◆ THE PROBLEM ◆
Any picture in the data below should be skipped, while every line is repeated exactly.

◆ RAW DATA ◆
* * * * *
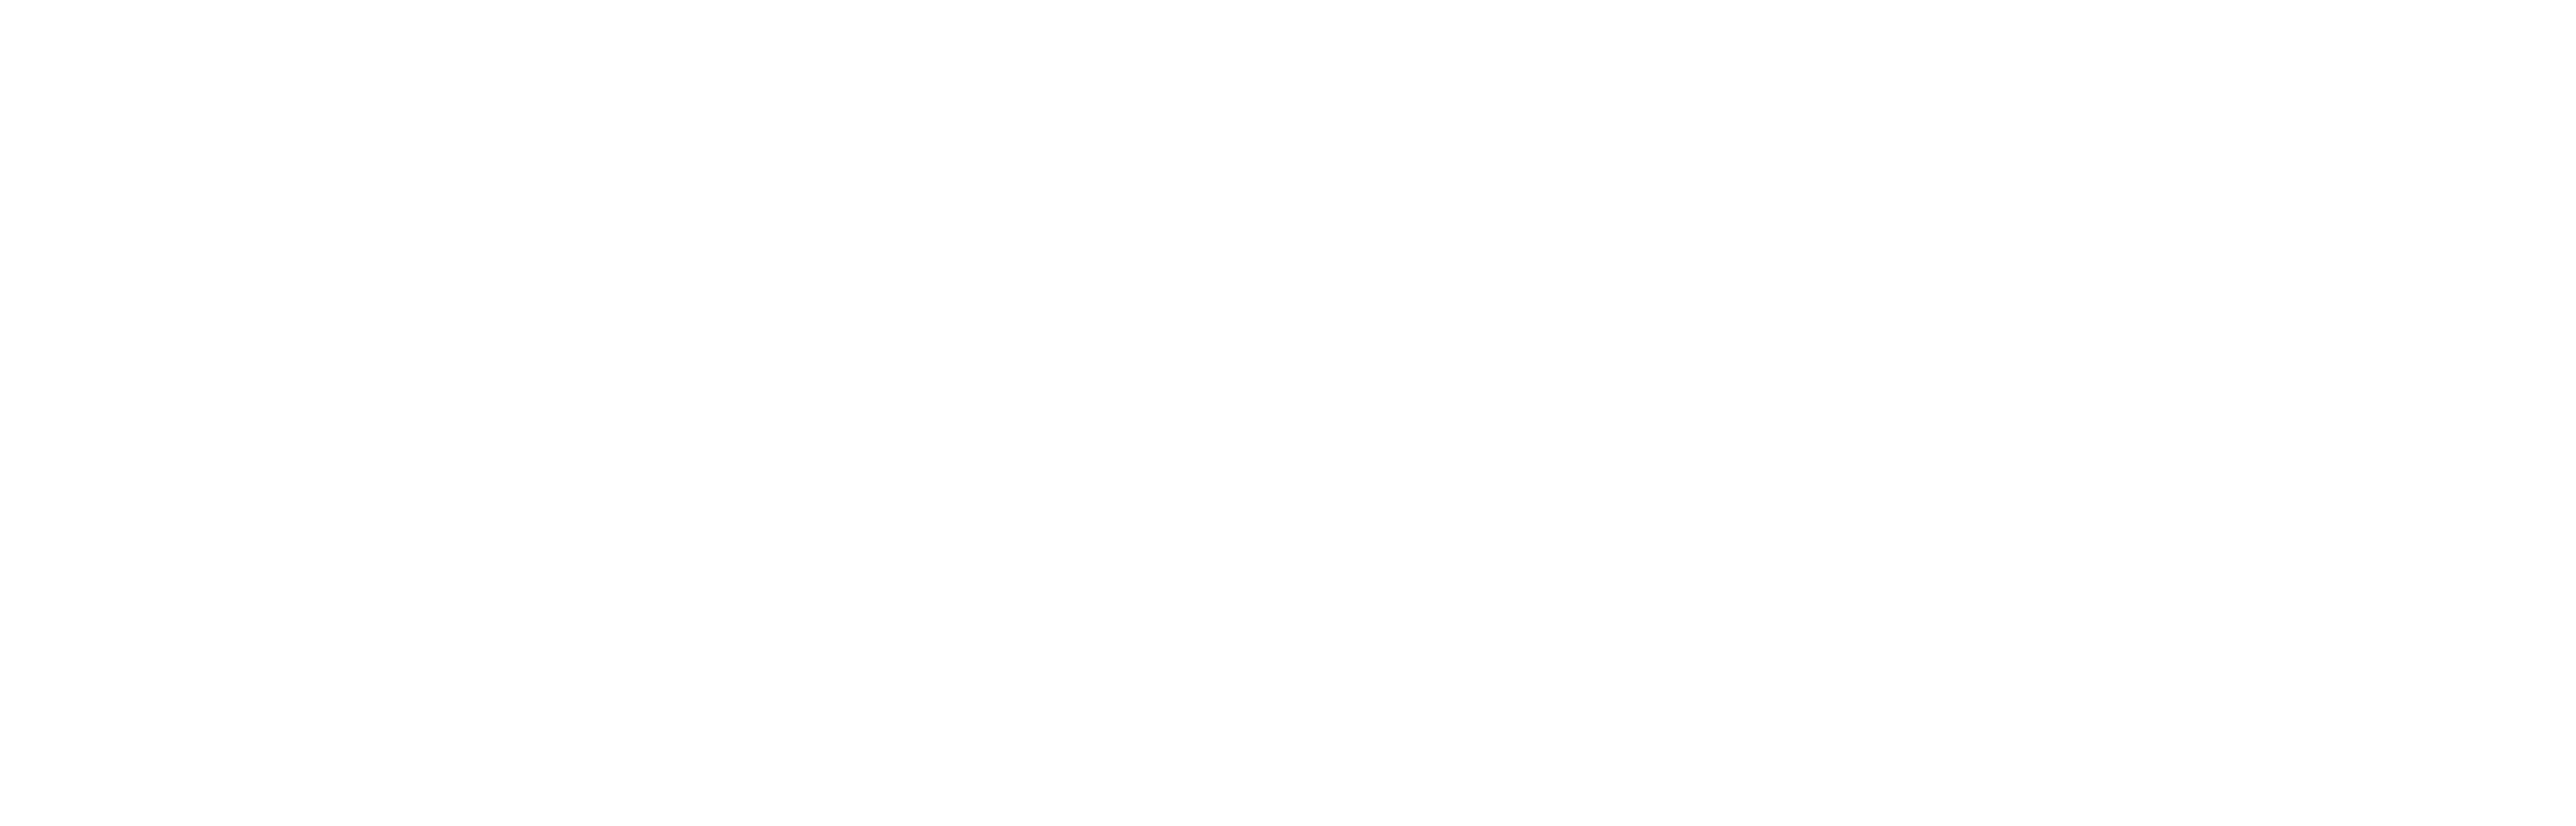 Logo Redfin
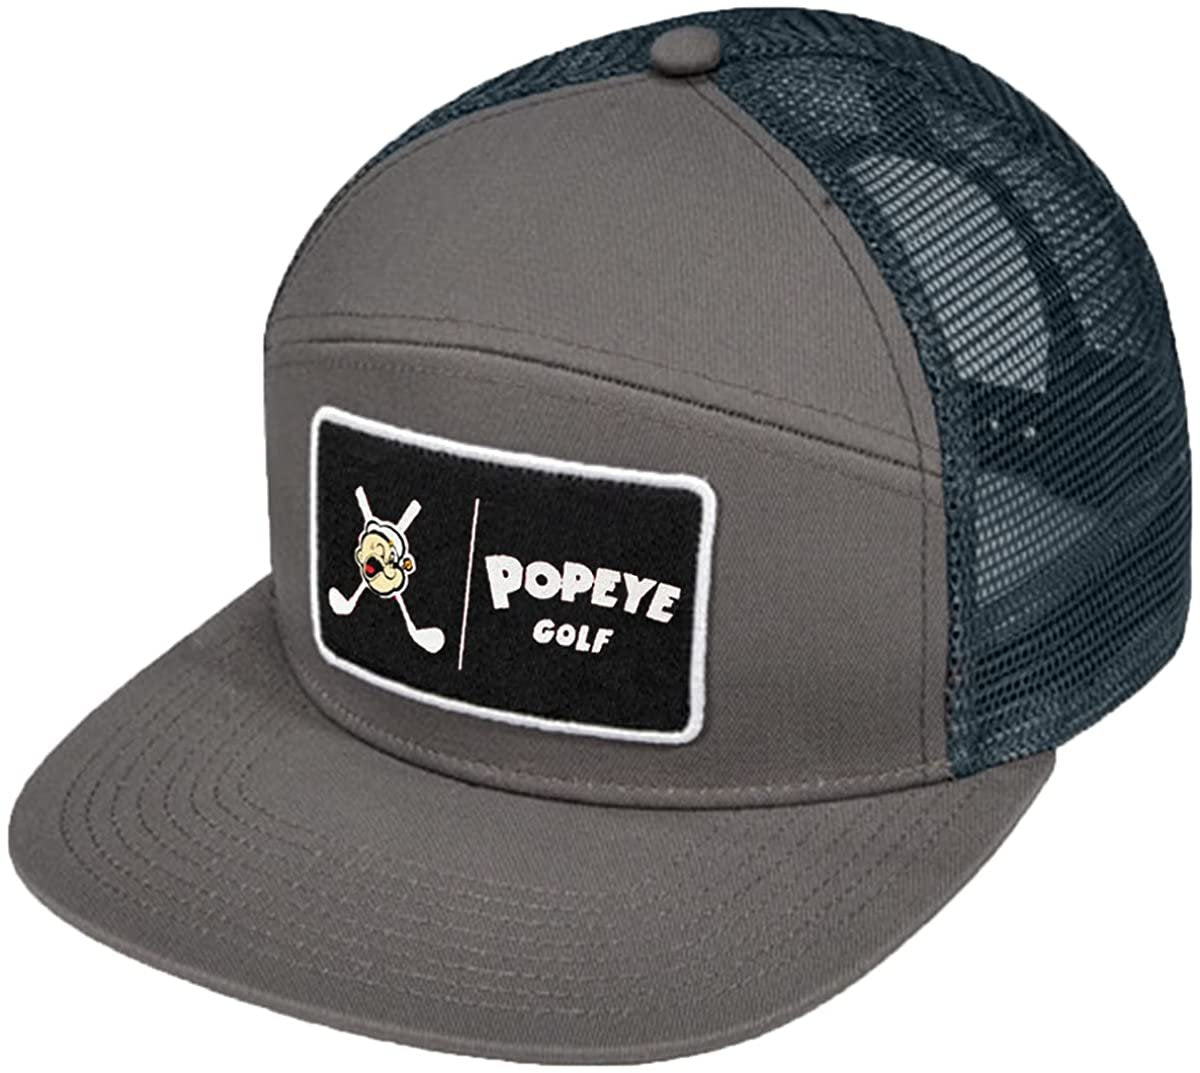 Popeye Golf Tradesman Mesh Adjustable Snapback Trucker Hat
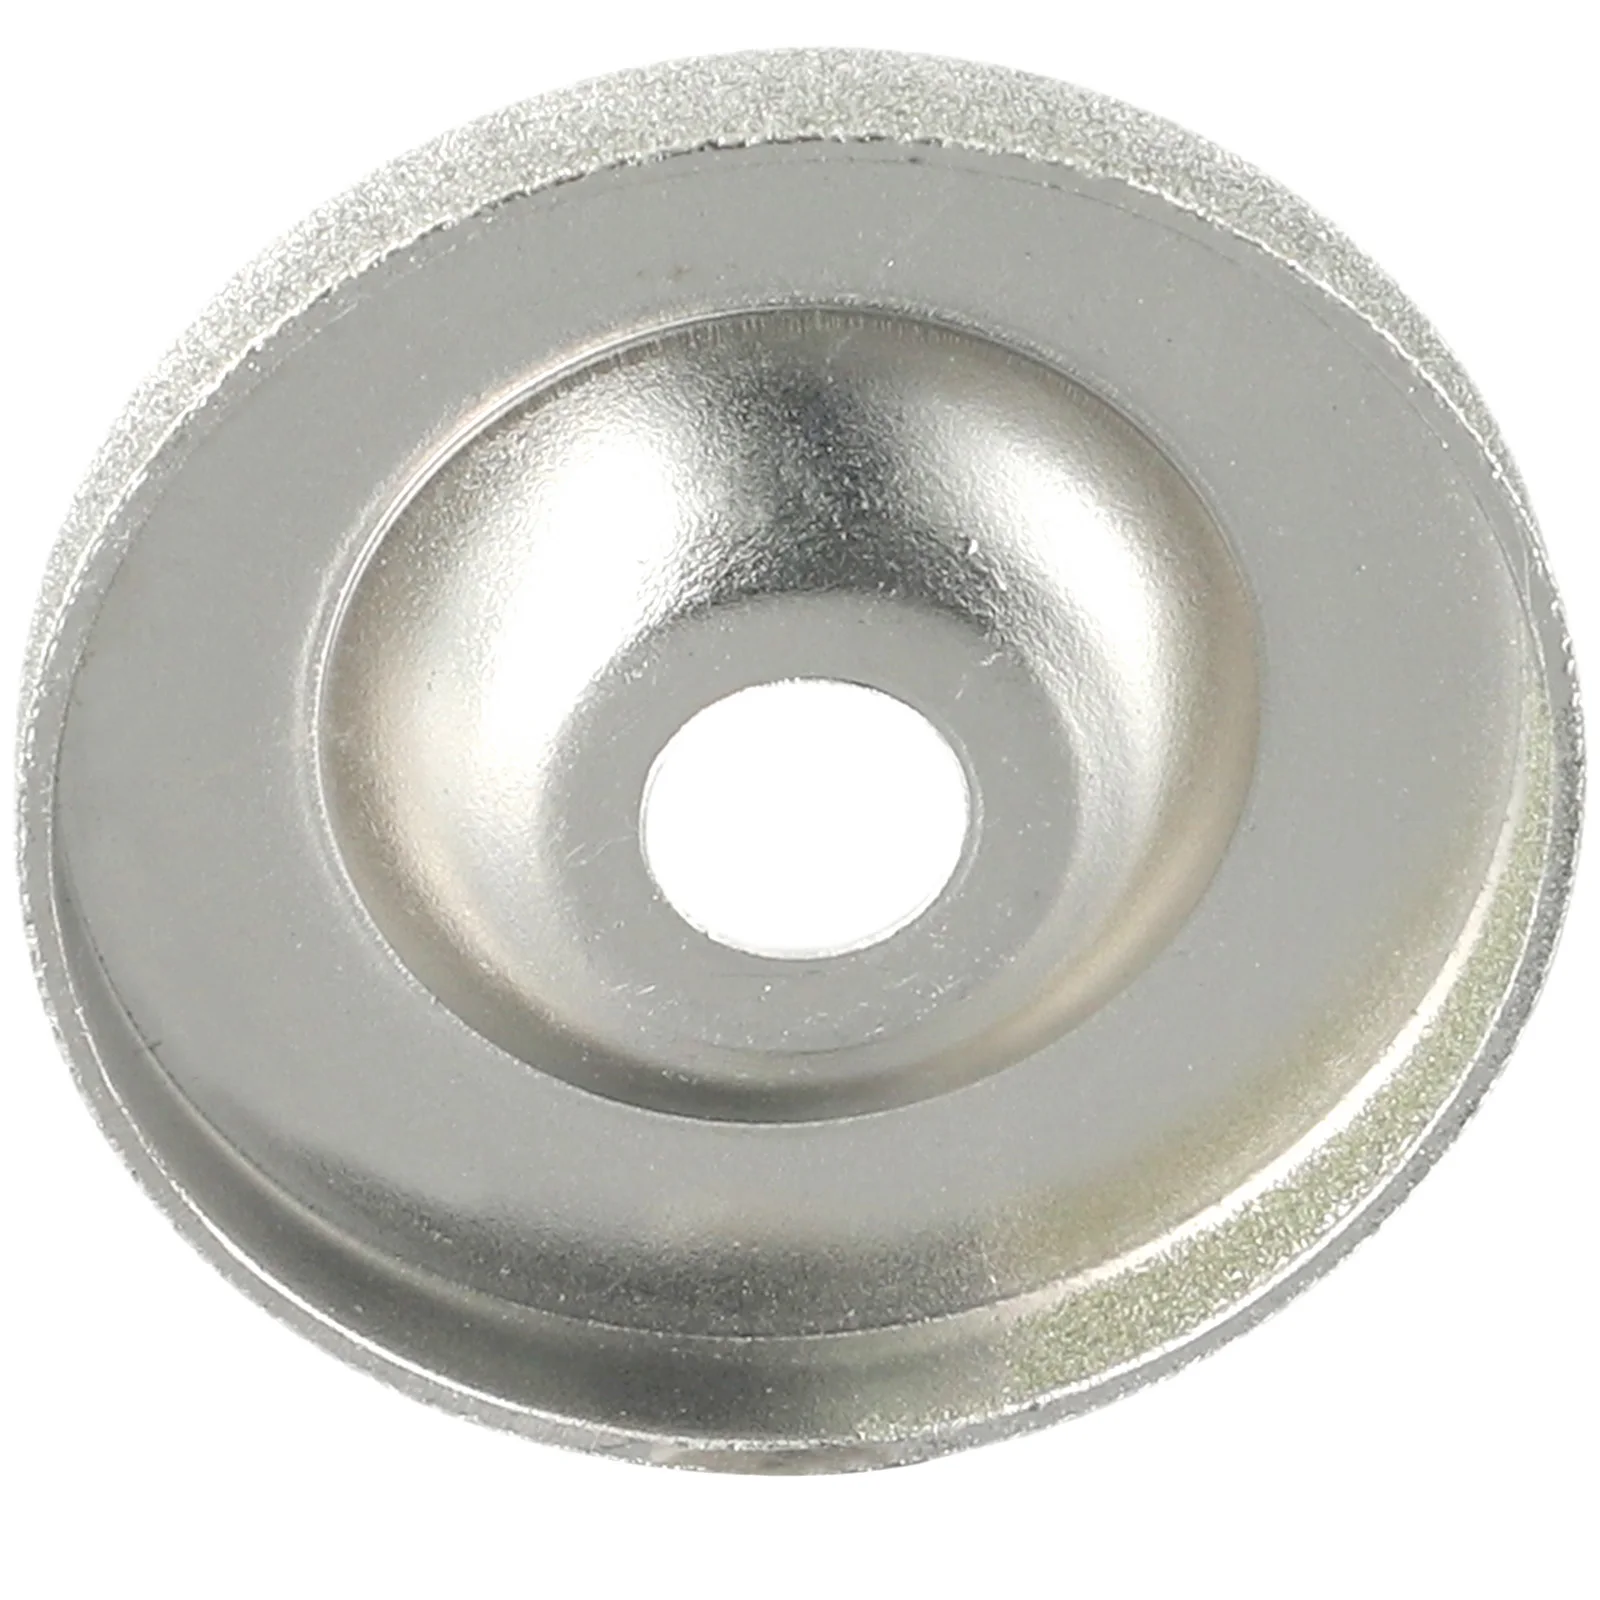 

1pc 50mm Diamond Grinding Wheel 180 Grit Grinder Sharpener Trimming Rotary Tool Diamantado Schleifscheibe Ferramentas
* * * * *
◆ ANSWER BOX ◆
 Logo Redfin
 Popeye Golf Tradesman Mesh Adjustable Snapback Trucker Hat

1pc 50mm Diamond Grinding Wheel 180 Grit Grinder Sharpener Trimming Rotary Tool Diamantado Schleifscheibe Ferramentas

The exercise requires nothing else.